- **HOW TO COMPLETE THIS TASK**: Pictures in the listing below are skipped, while the lines from the "07e4dfe46fd LONGCHAMP - Roseau" line through the "Zodiac Aquarius Water-Bearer" line are returned word for word.

SOURCE INFORMATION START

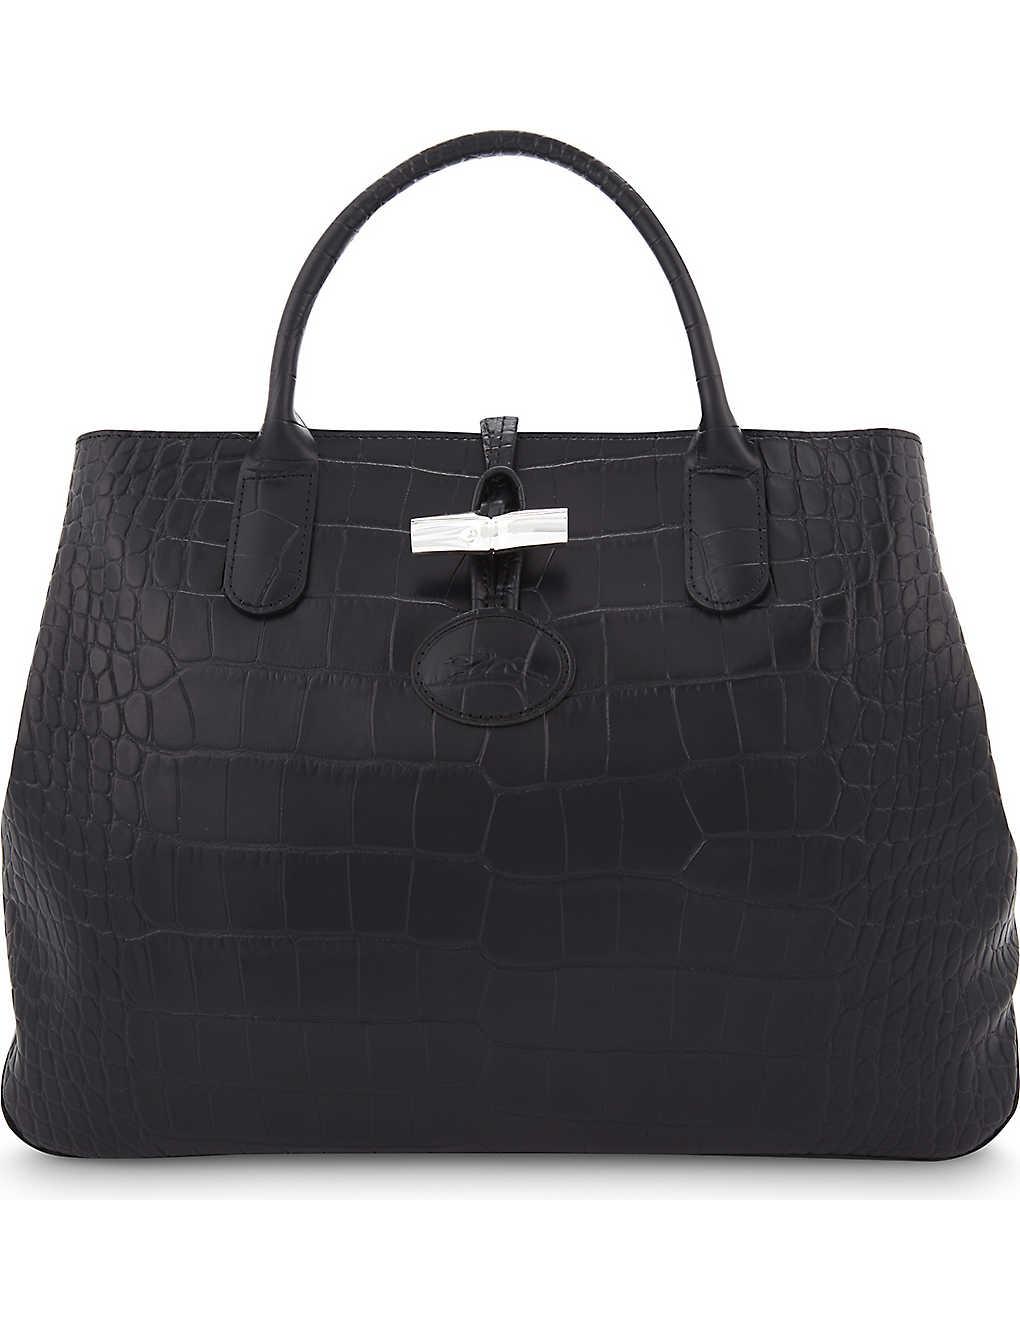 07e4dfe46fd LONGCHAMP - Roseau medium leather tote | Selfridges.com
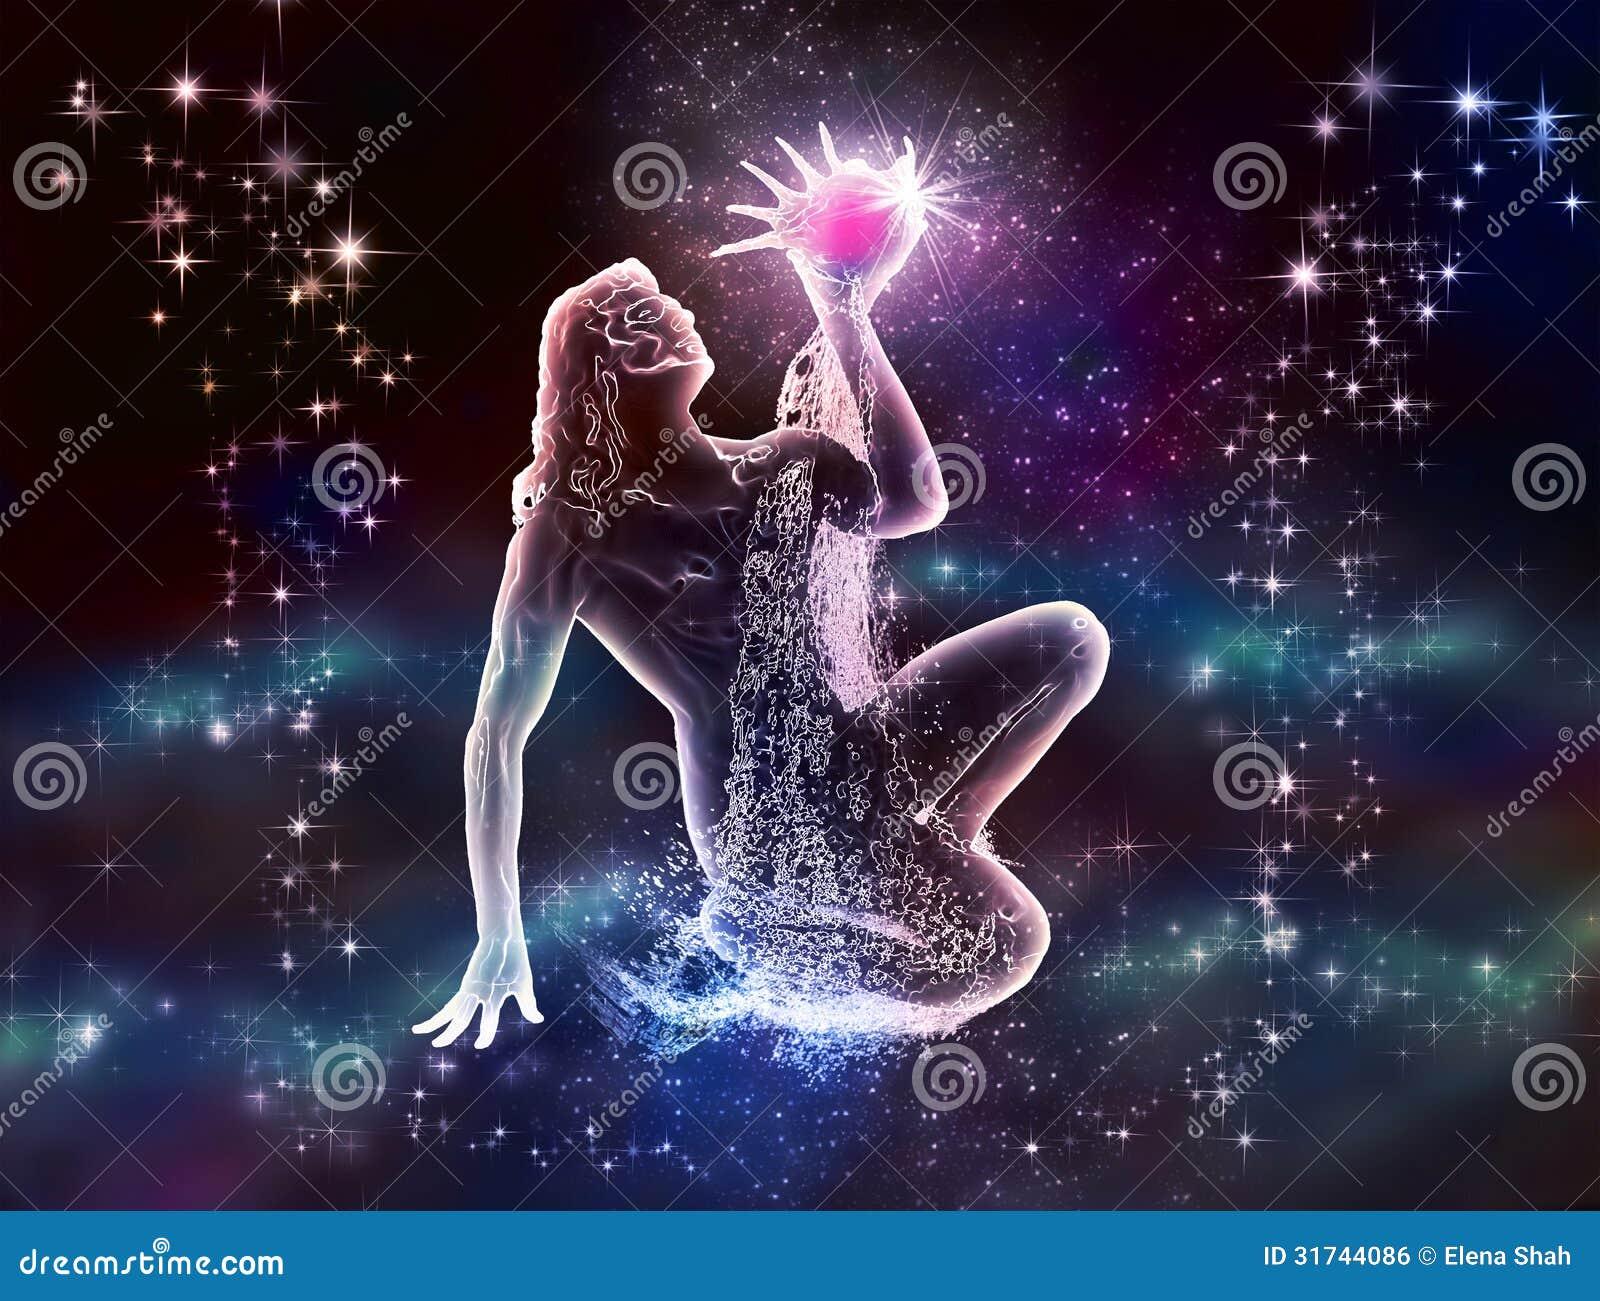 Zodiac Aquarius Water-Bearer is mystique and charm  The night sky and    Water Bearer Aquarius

SOURCE INFORMATION END
SOURCE INFORMATION START

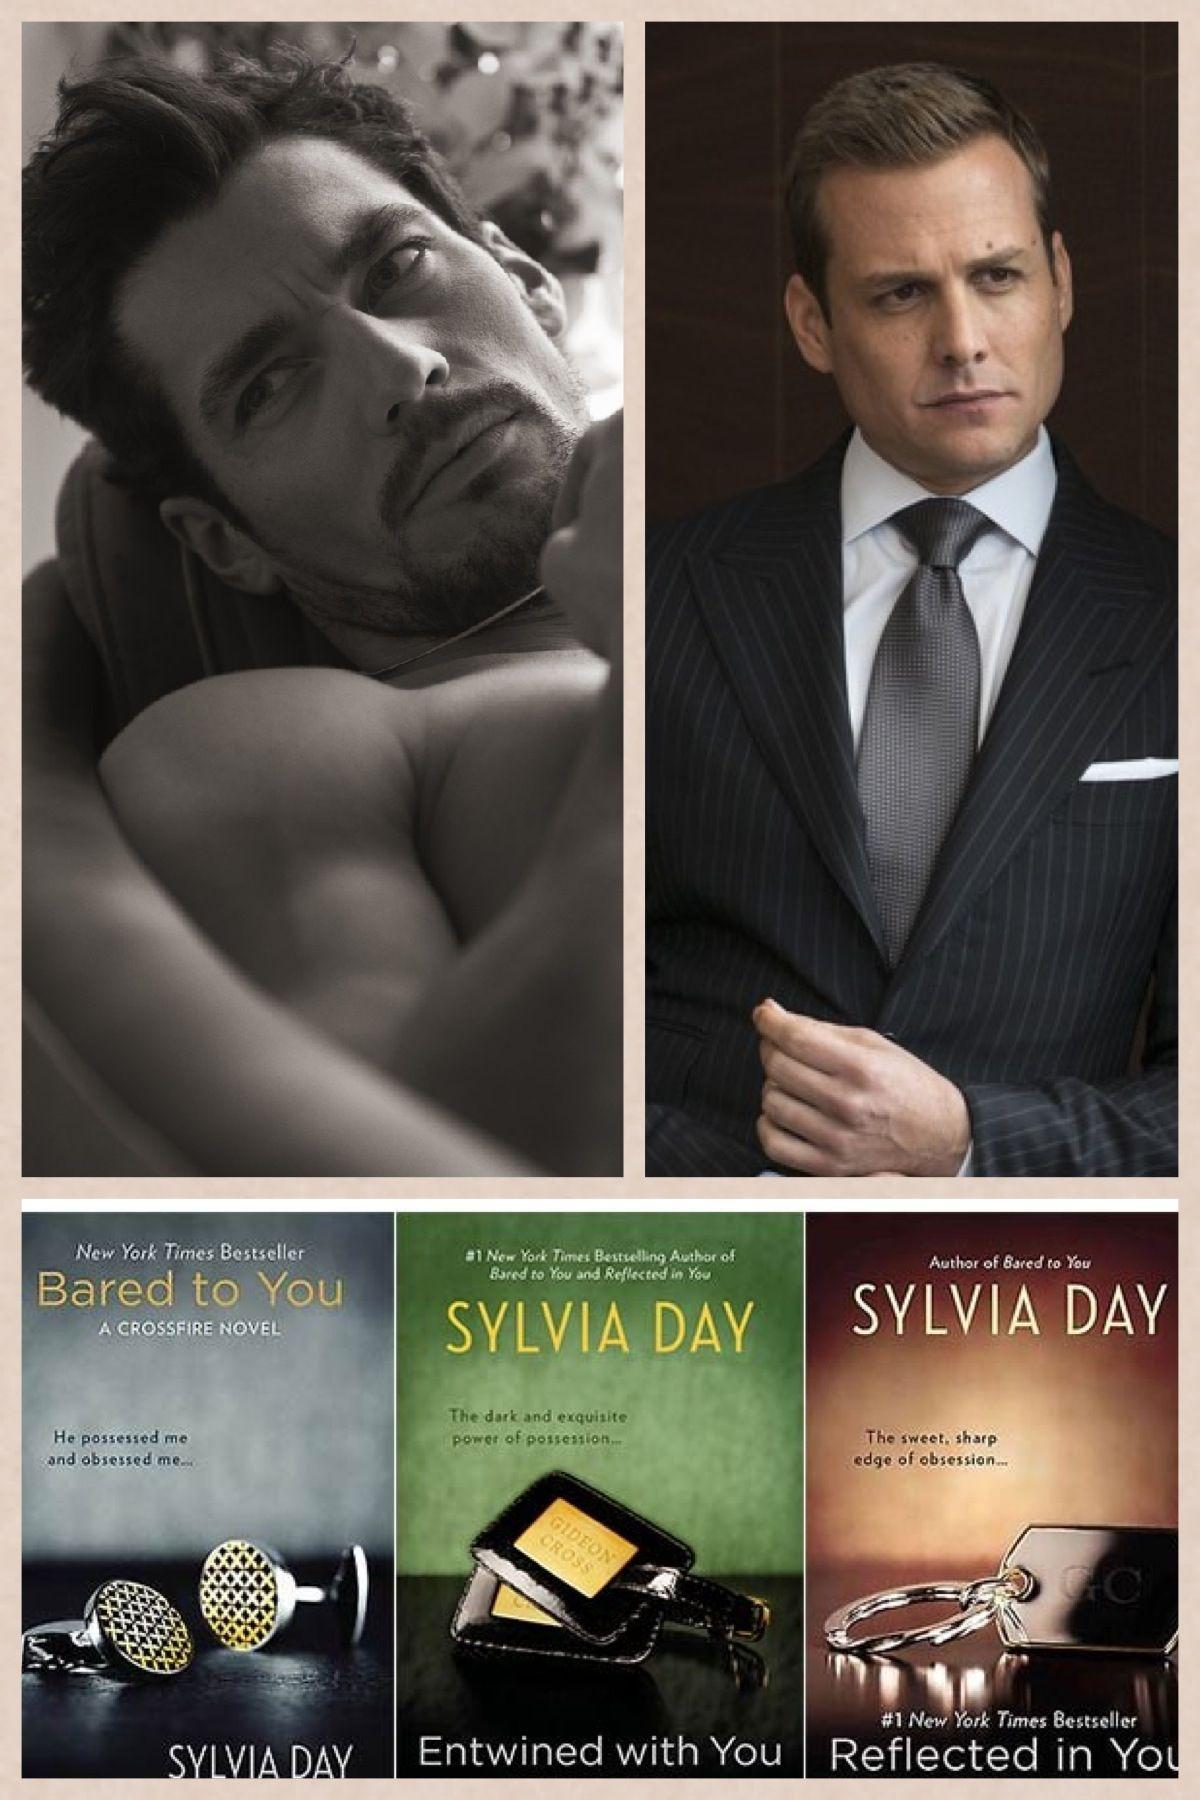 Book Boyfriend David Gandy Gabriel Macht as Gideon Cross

SOURCE INFORMATION END
SOURCE INFORMATION START

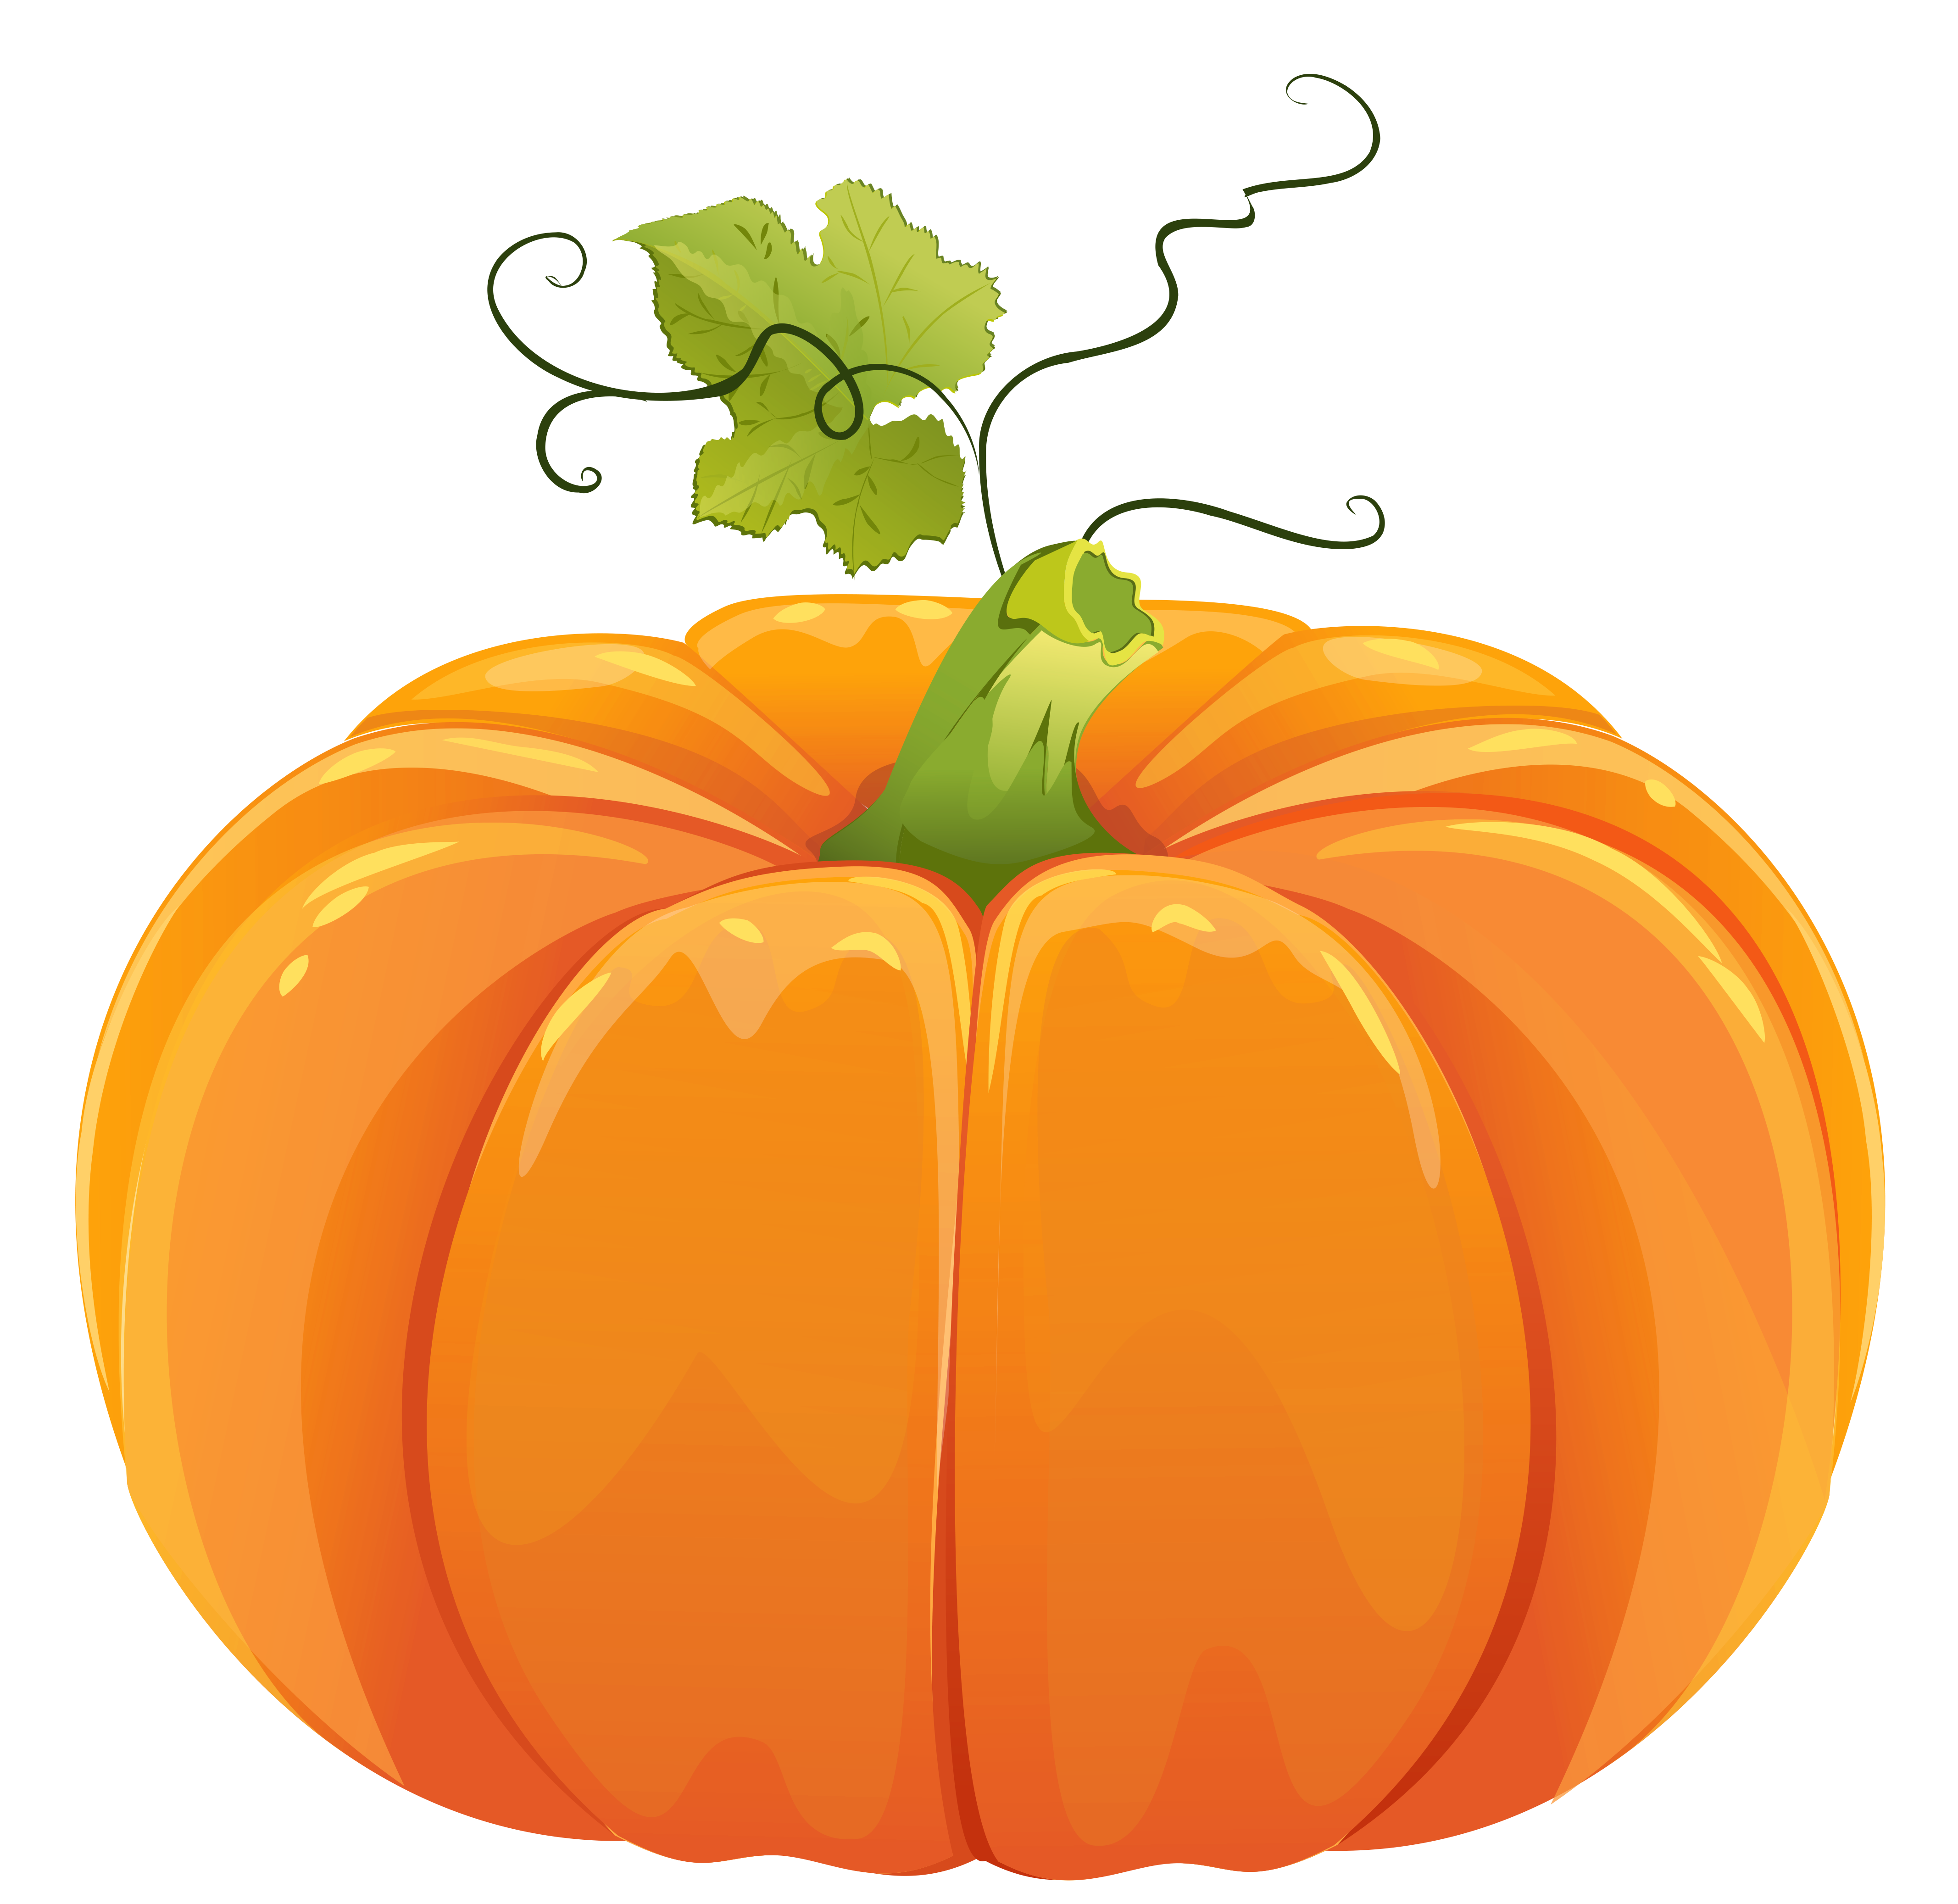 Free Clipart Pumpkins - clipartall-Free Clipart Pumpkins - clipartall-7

SOURCE INFORMATION END

- **PROBLEM SOLUTION**:
 07e4dfe46fd LONGCHAMP - Roseau medium leather tote | Selfridges.com
 Zodiac Aquarius Water-Bearer is mystique and charm  The night sky and    Water Bearer Aquarius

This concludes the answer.